Glad that it wasn't a hard rain, she enjoyed weather much more than boring blue skies and wispy white fluffy clouds. Storm clouds were turbulent and never failed to entertain with their roiling path and pound sound systems when they really got going even added in plasma shows. One of her trips to Seattle had been rained out but she had stayed cozy on the top floor of her hotel watching the lightning lash out at the buildings spreading fingers of light to caress anything metal and shiny. Lightning storms always reminded her a bit of magpie in their single-minded search for the highest point in any area and compulsive need to investigate anything metallic and shiny. She smiled as she sipped the last of her Dashi from her bowl of rehydrated miso soup. She had to give it to the Japanese they made the best instant meals; so much better than the salted cardboard most of the granola munchers packed along with them on the trails. No, she had always known that food was meant to be enjoyed not simple fuel like so many tried to believe and tortured themselves with. Finishing the last of her meal she cleaned her camp up and carefully stowed anything that the Ravens could move away in locked cases with small airport baggage combination locks on it. She also had one for the zippers on her tent. The curious little feathered gremlins could get into anything not nailed down, tied, and hidden so she had a lock for her tent and all of her cases as well after her first encounter with a destroyed camp and scattered gear, it was messy but rarely damaged.
She had learned her lesson and now brought a small bag of little bells to bribe them with when she left camp. silver, brass, and bronze each the size of her pinky nail, it was amazing to see that different birds preferred different sounds and colours. Each one was on a simply inch long chain with a spring clip big enough to fit over the tips of most small tree branches. Five or six hung in the branches above her camp was enough to keep them cautious for a day and entertained for another after they investigated and worked out how to get them off the branches.
Kat doused her fire and watched the embers fade as the soft rain trickled down onto the small clearing safely extinguishing the heat. She had never understood people's fear of the dark, it was like a cloak that you could embrace or suffocate under. But then again she was a mutant, her eye doctors had been astounded to learn that she had nearly 5% more Rods in her eyes that most people did give her much better night vision. They had told her that humans had about four rods to every cone in their eyes, whereas cats had 25 rods per cone; She had 5 rods per cone which explained her oversensitivity to bright lights.

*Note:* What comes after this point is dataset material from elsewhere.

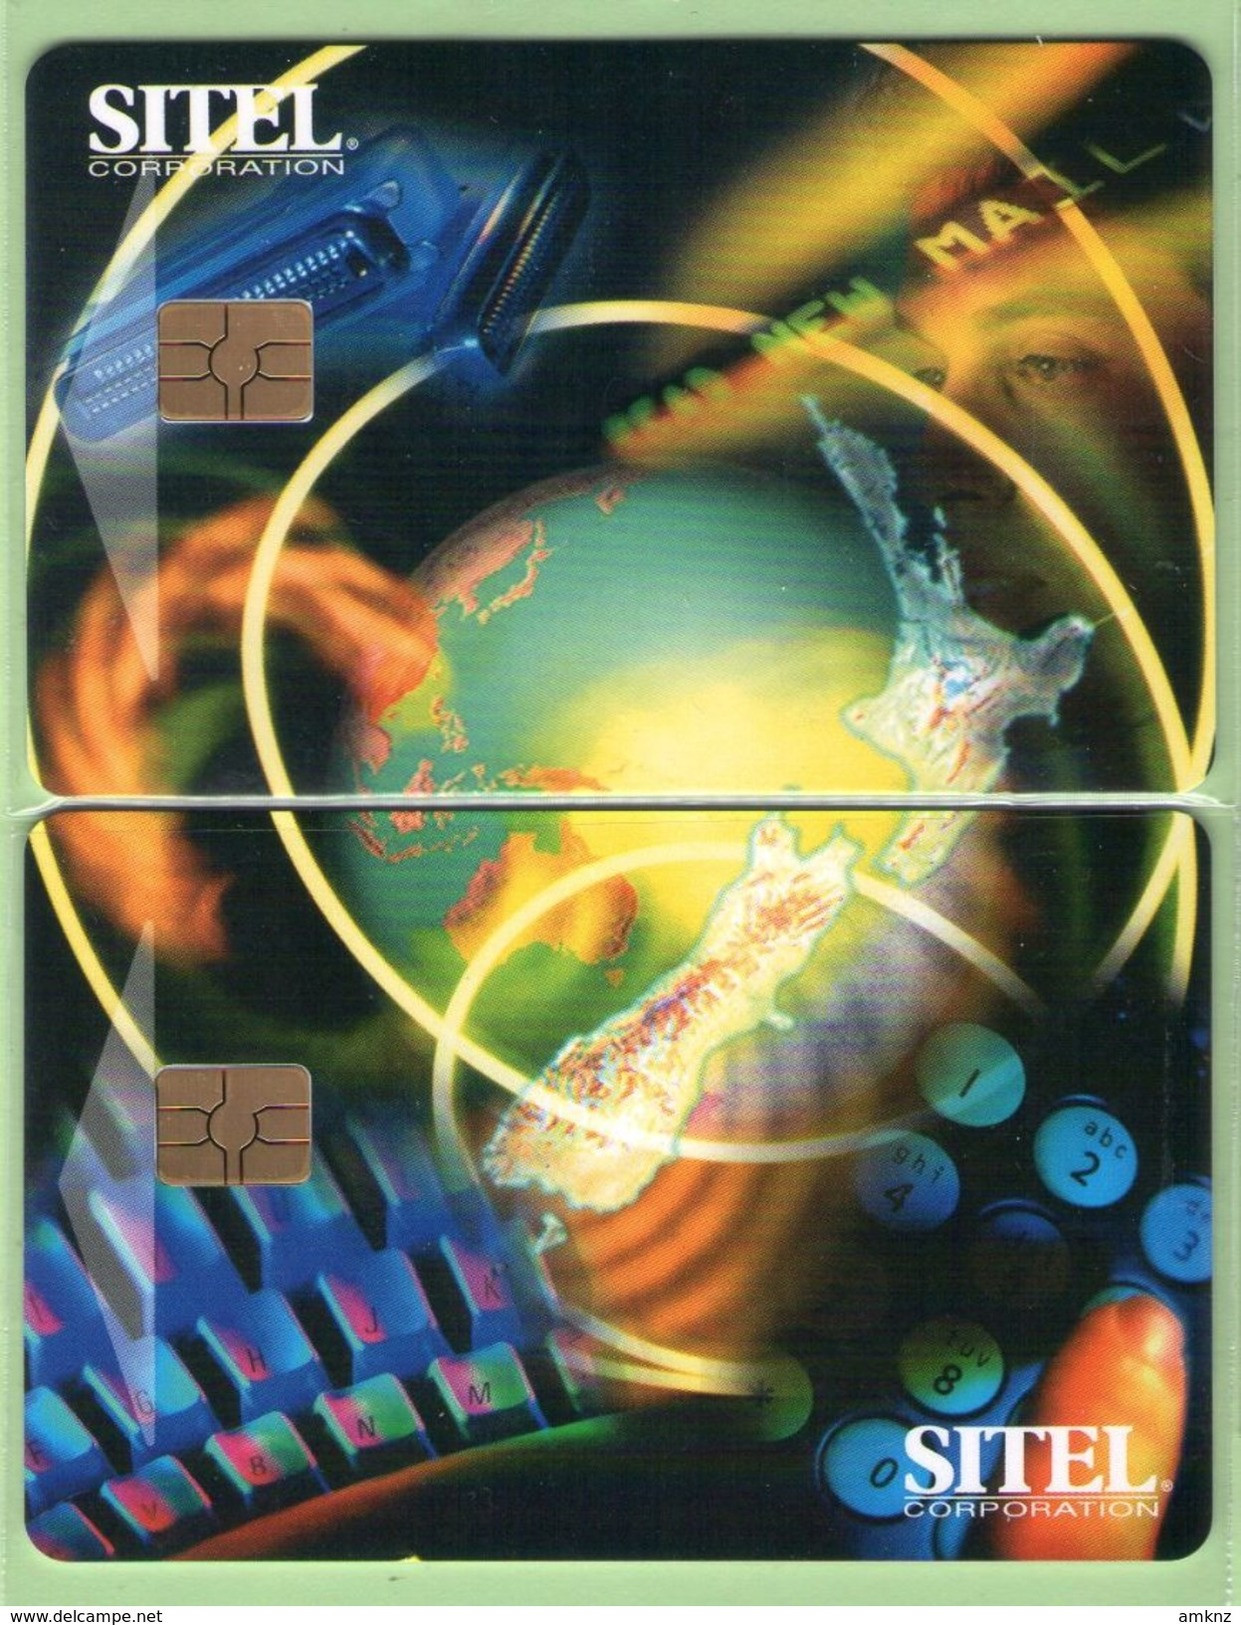 New Zealand - Chipcards - 1999 SITEL Corporation - Puzzle Set (2) - Mint - Cards 017 - New Zealand

The classroom lights had been giving her headaches but a pair of slightly tinted nonprescription glasses had cured her almost instantly.

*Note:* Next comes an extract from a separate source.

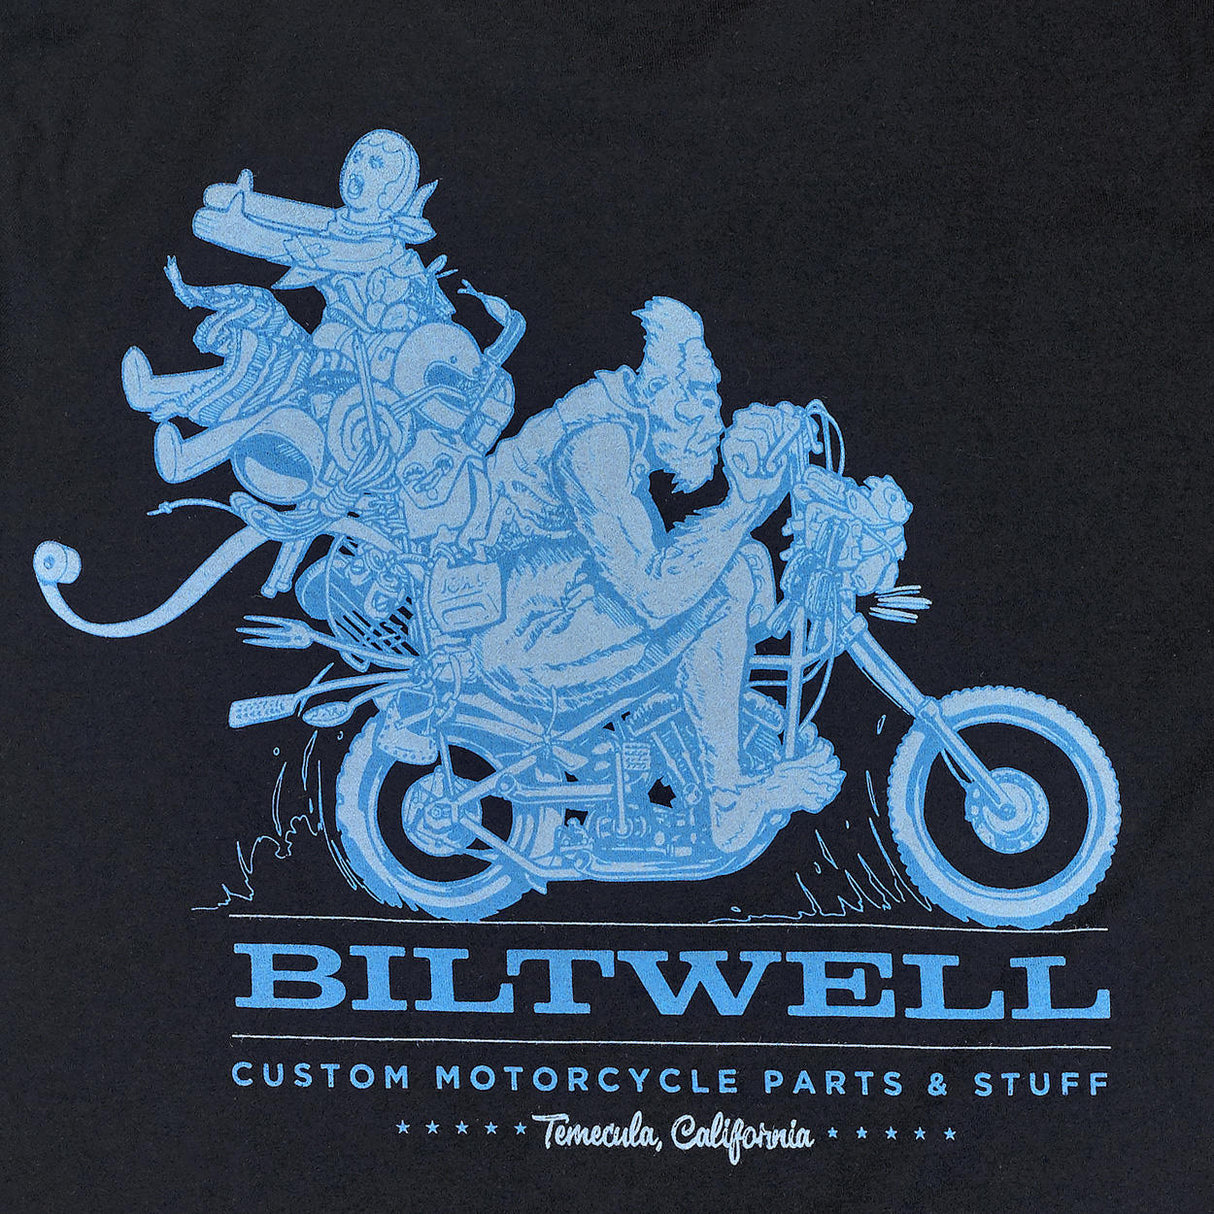 Biltwell Bigfoot T-Shirt - Black - MotoHeaven

5% might not seem like a lot but it was enough for her to drive on back roads by starlight if the moon was new, and she didn't need a flashlight if the moon was up at all. Starlight was such a fickle thing, even the slightest dust or clouds in the air could ruin your shots at night, but the unique tones and extremely subtle dappled effect from those burning star billions of miles away was something to be celebrated on film. She rolled out her sleeping bag and powered down her laptop and all of her gear for the night pulling the batteries that were easiest to reach from her devices to be as economical as possible with their charges. As true darkness set in kat checked her fire again to make sure it was completely out, as she stepped carefully back into her tent in the absolute pitch darkness a stiff breeze shook the branches and a faint yellow glow filtered through the branches. She froze, it was faint and sulfurous an odd mix of yellow and orange that usually meant fire. Cursing she grabbed her waterproof poncho pulling it on over her sports bra and light tank top she slept in and slid her hiking boots back on without socks, not bothering to tie them she grabbed her small GoPro, her satchel and a penlight to speed her path through the trees.